Hewlett Packard Enterprise has announced its own version cognitive computing offering – the company prefers the term “machine learning-as-a-service” and is meant to give developers tools to building data-rich applications.

HPE Haven OnDemand is now commercially available, and is a Microsoft Azure-based cloud platform with machine learning APIs and services targeting developers, starups and enterprises.

The platform is able to perform analytics on data including text, audio, image, social, web and video.

The platform, while just released publicly, has been in testing since late 2014. HPE claims there are currently over 12,000 developers on the platform.

“HPE Haven OnDemand democratizes big data by bringing the power of machine learning, traditionally reserved for high-end, highly trained data scientists, to the mainstream developer community,” Colin Mahony, senior vice president and general manager at HPE Big Data said in a statement.

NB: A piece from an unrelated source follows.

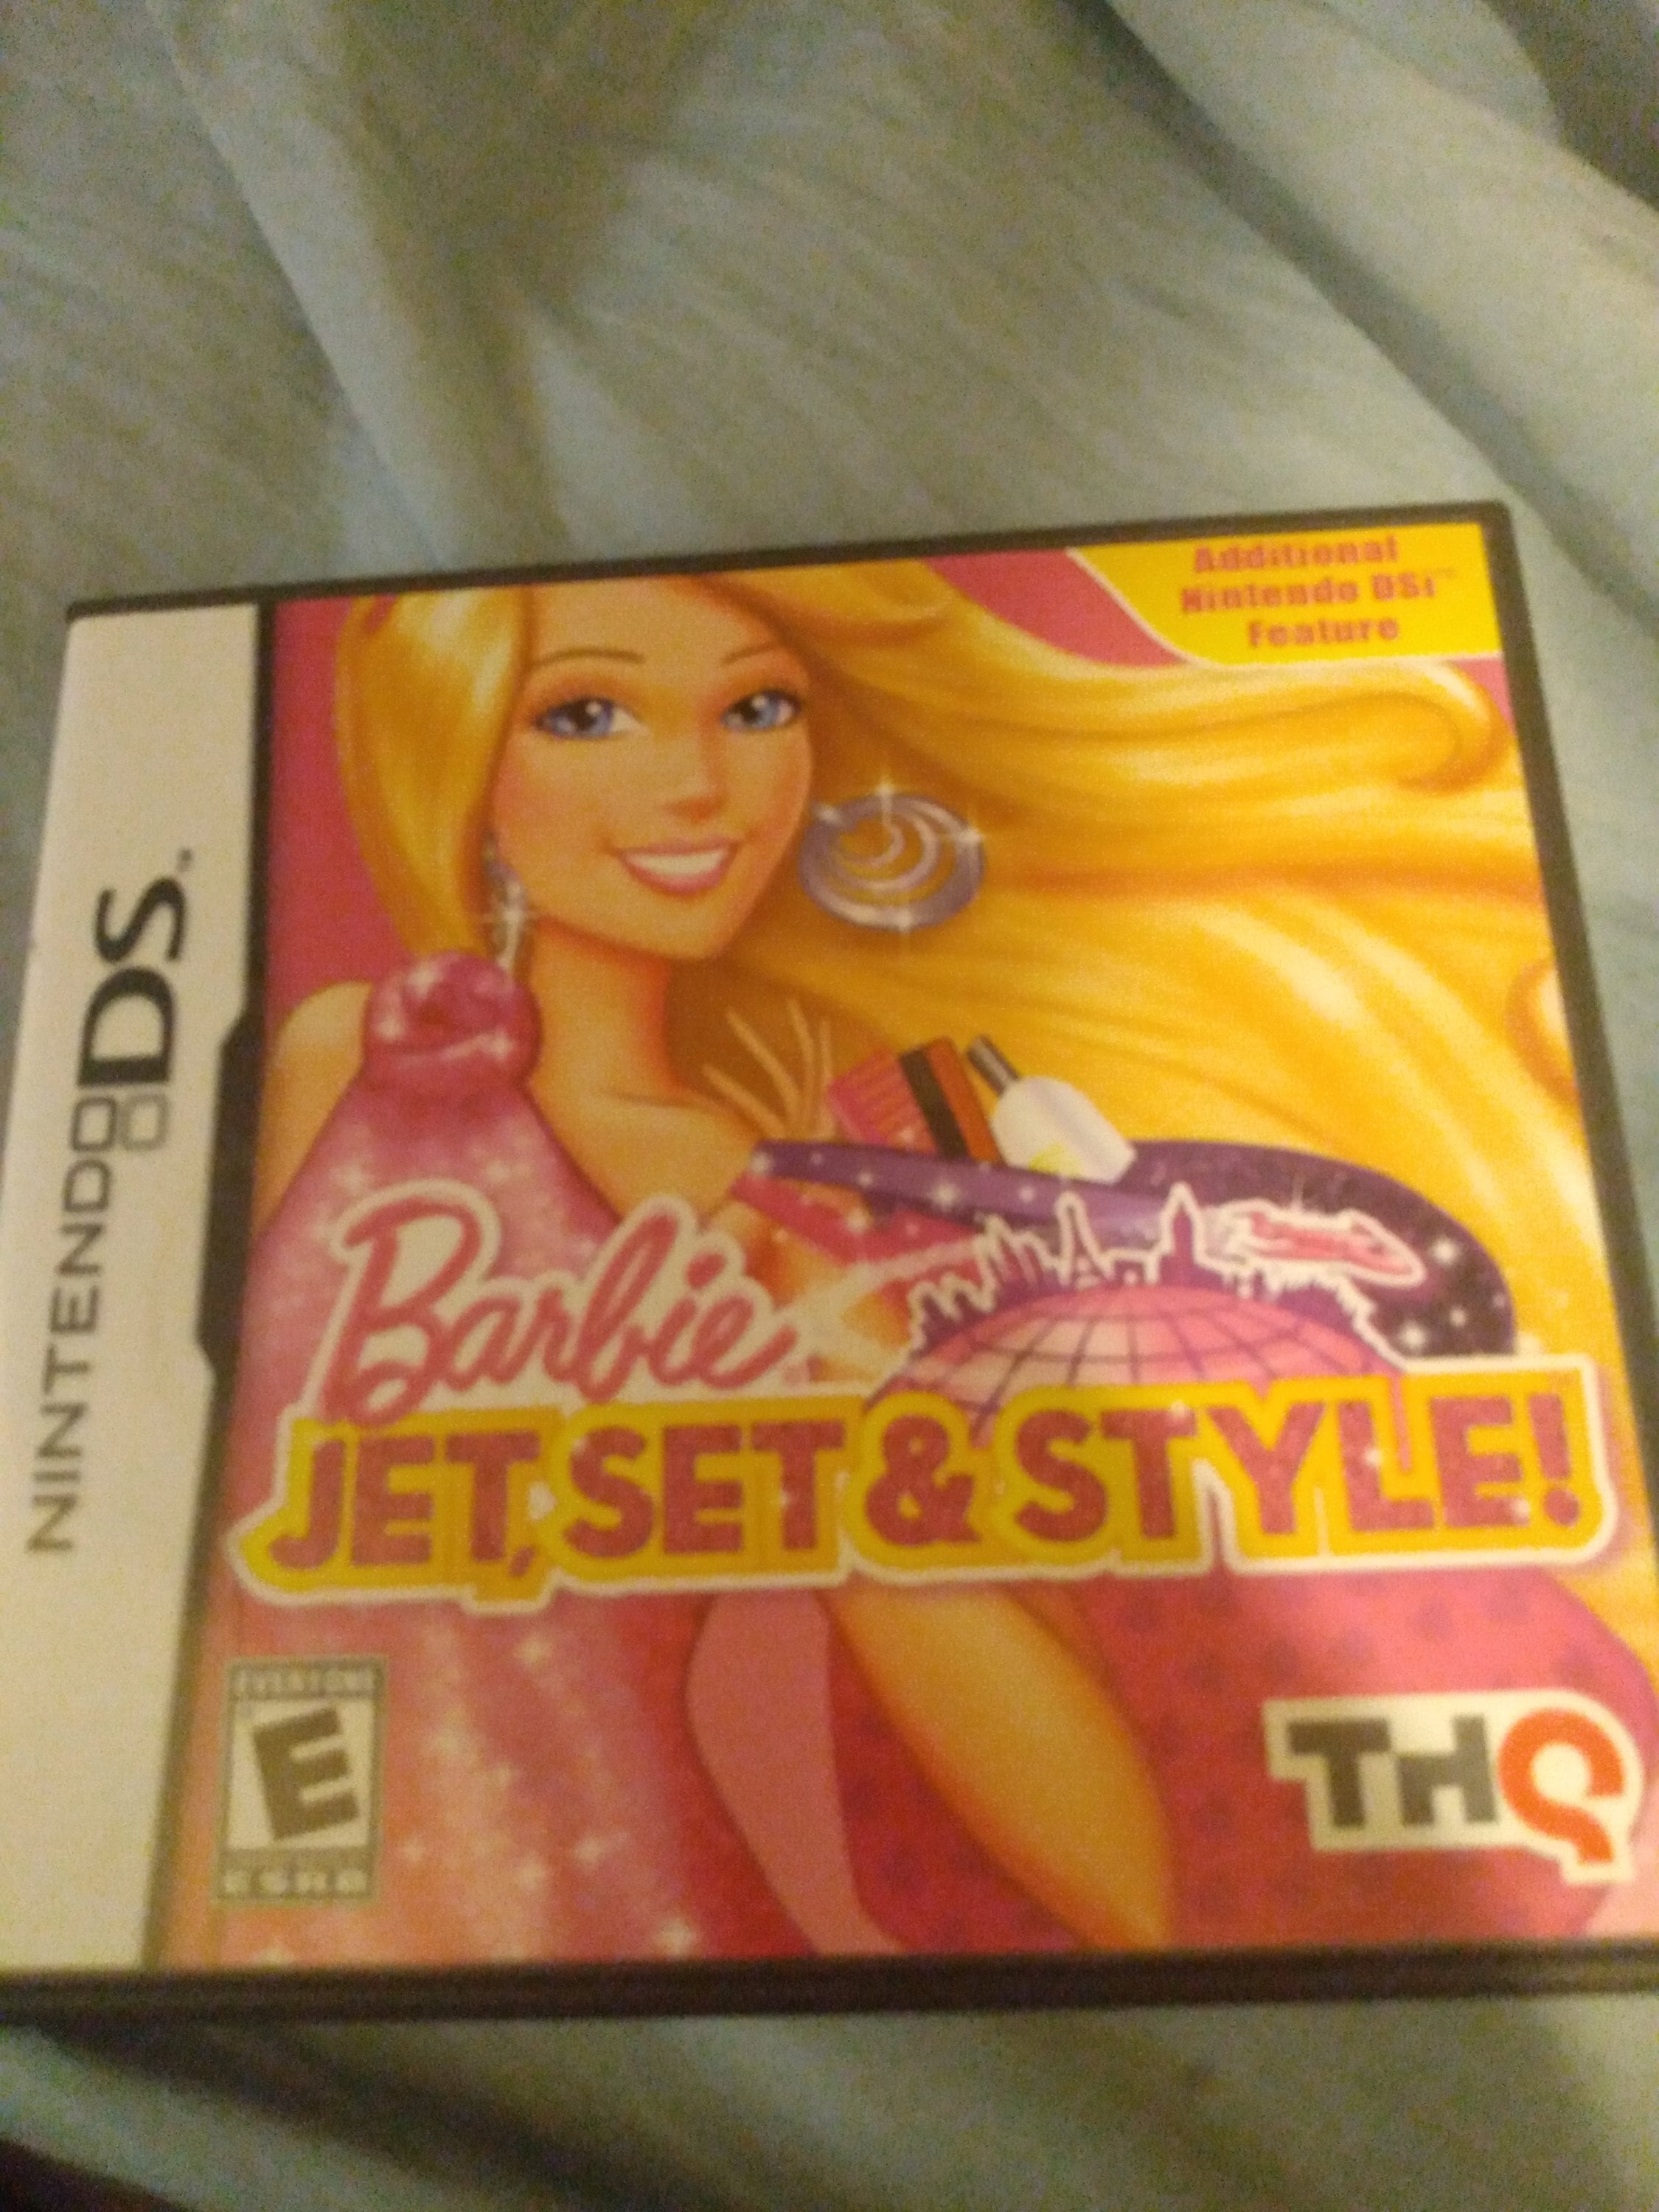 Barbie: Jet, Set & Style

Its capabilities currently include text and meaning analysis, information conversion, optical character recognition, cross-platform hybrid cloud search, image recognition and face detection, graph analysis for patterns and trends such as on social media, prediction and recommendation, and speech recognition with support for “over 50 languages.”

As with Watson, where IBM spent much of 2015 demonstrating applications in various verticals, be it medicine or Christmas shopping, it remains to be seen whether HPE will do the same with Haven OnDemand.

The service is marketed as a freemium product with free testing and development, with SLA-based commercial pricing for other deployments.